[WHAT THE EXERCISE ASKS]: From the records that follow, return exactly the lines beginning at the one that contains "Caixa porta retrato (Montana Pink)" and ending at the one that contains "Designer Kissenhülle Xmas", pictures left out.

[PROVIDED RECORDS]:
*** Begin section ***
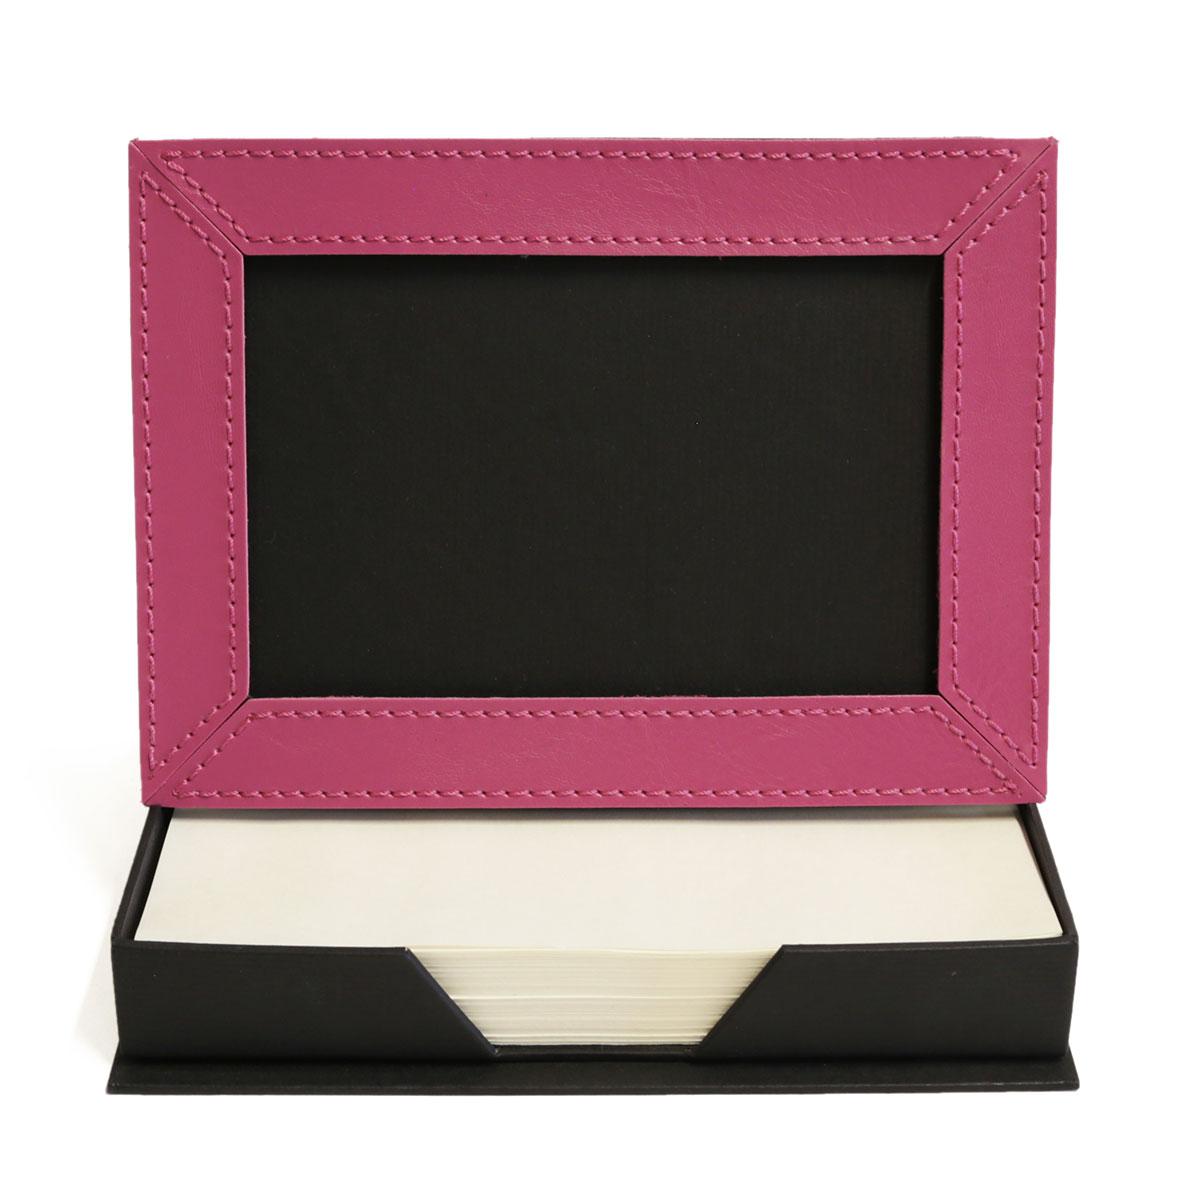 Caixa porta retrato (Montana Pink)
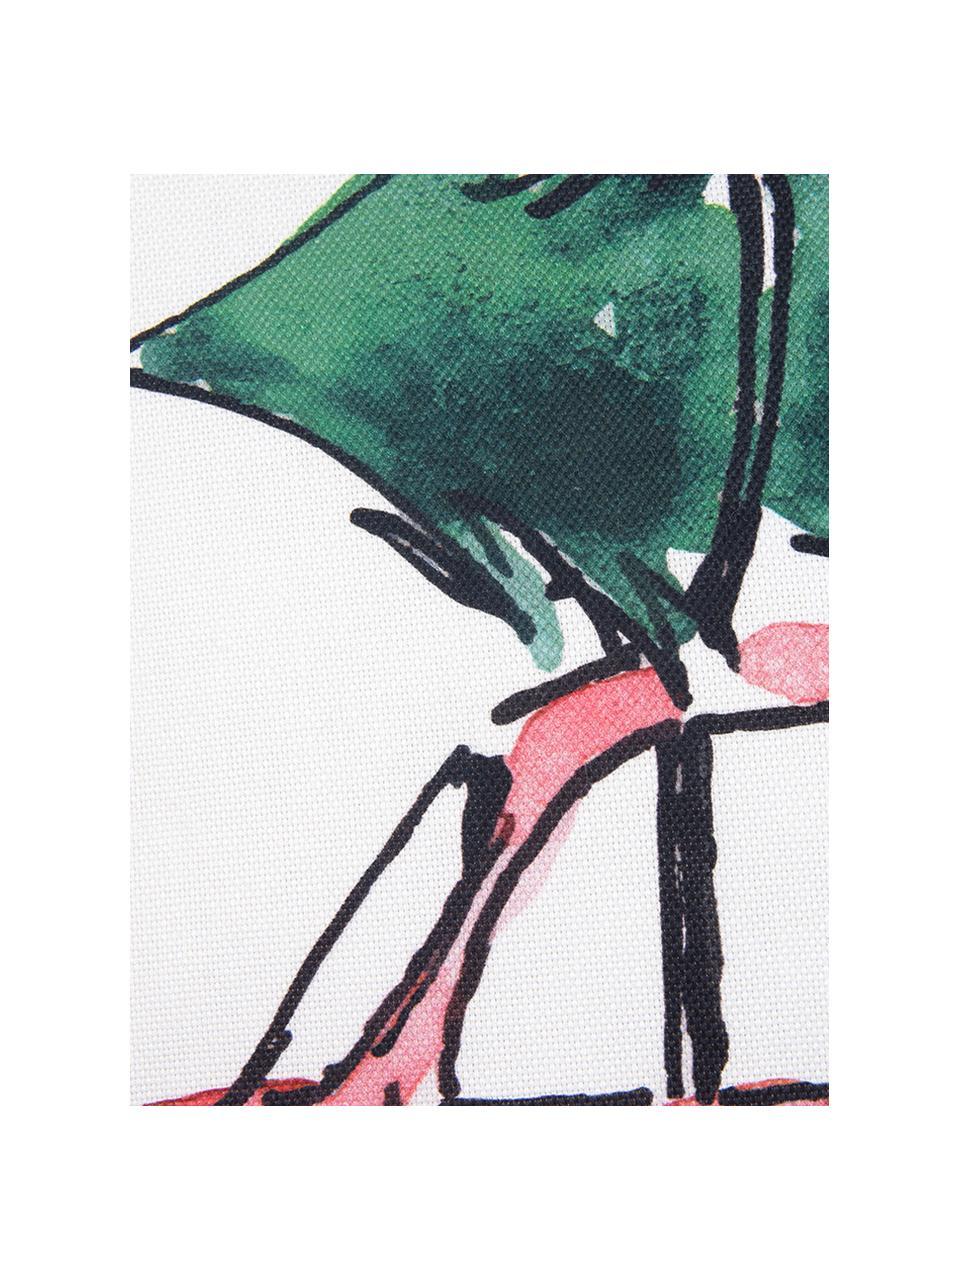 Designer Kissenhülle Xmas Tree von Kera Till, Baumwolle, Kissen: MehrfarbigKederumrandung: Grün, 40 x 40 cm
*** End section ***
*** Begin section ***
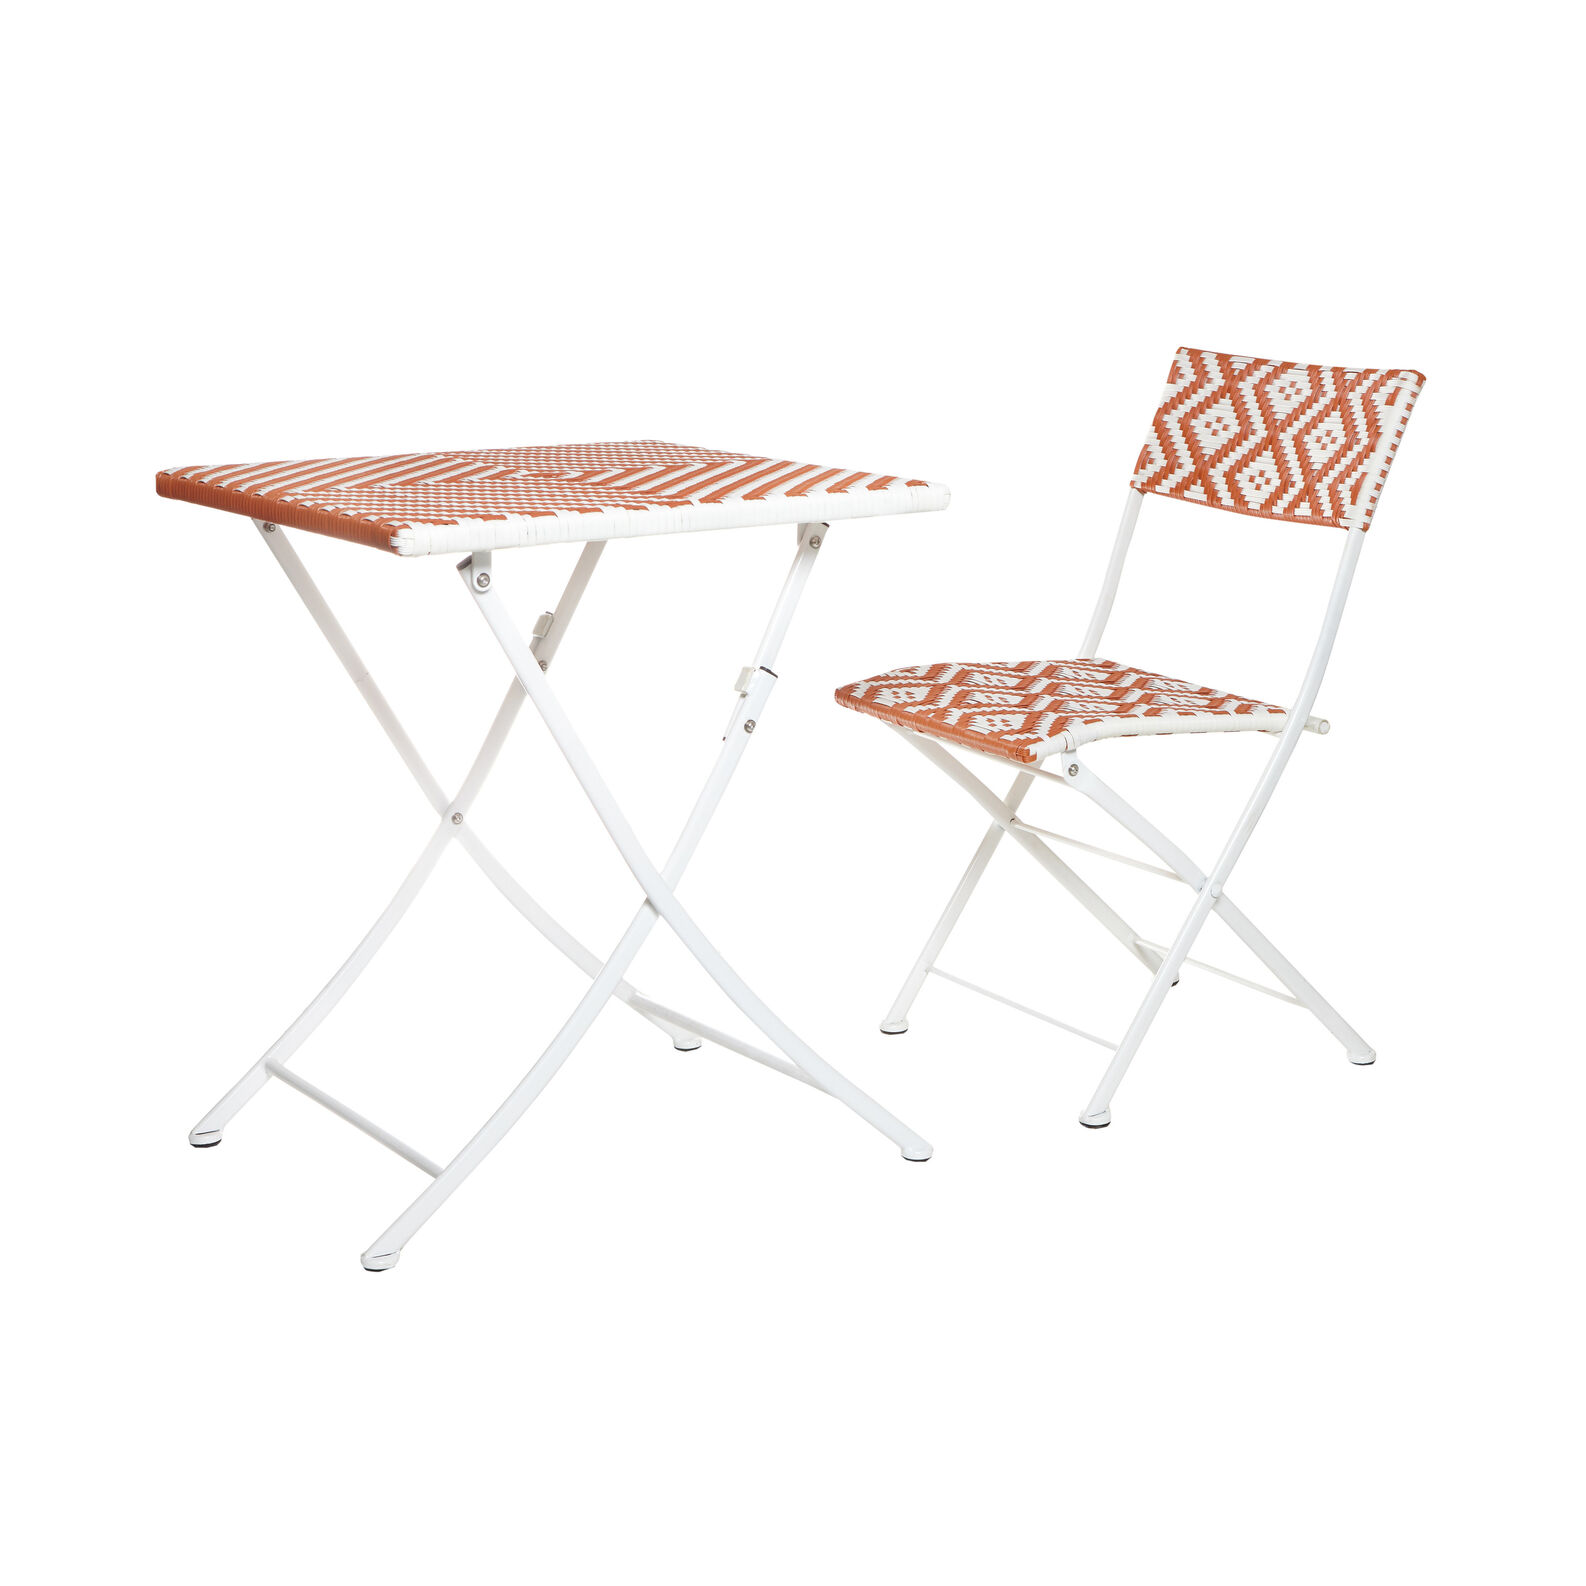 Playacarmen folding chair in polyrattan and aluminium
*** End section ***
[EXERCISE RESPONSE]:
 Caixa porta retrato (Montana Pink)
 Designer Kissenhülle Xmas Tree von Kera Till, Baumwolle, Kissen: MehrfarbigKederumrandung: Grün, 40 x 40 cm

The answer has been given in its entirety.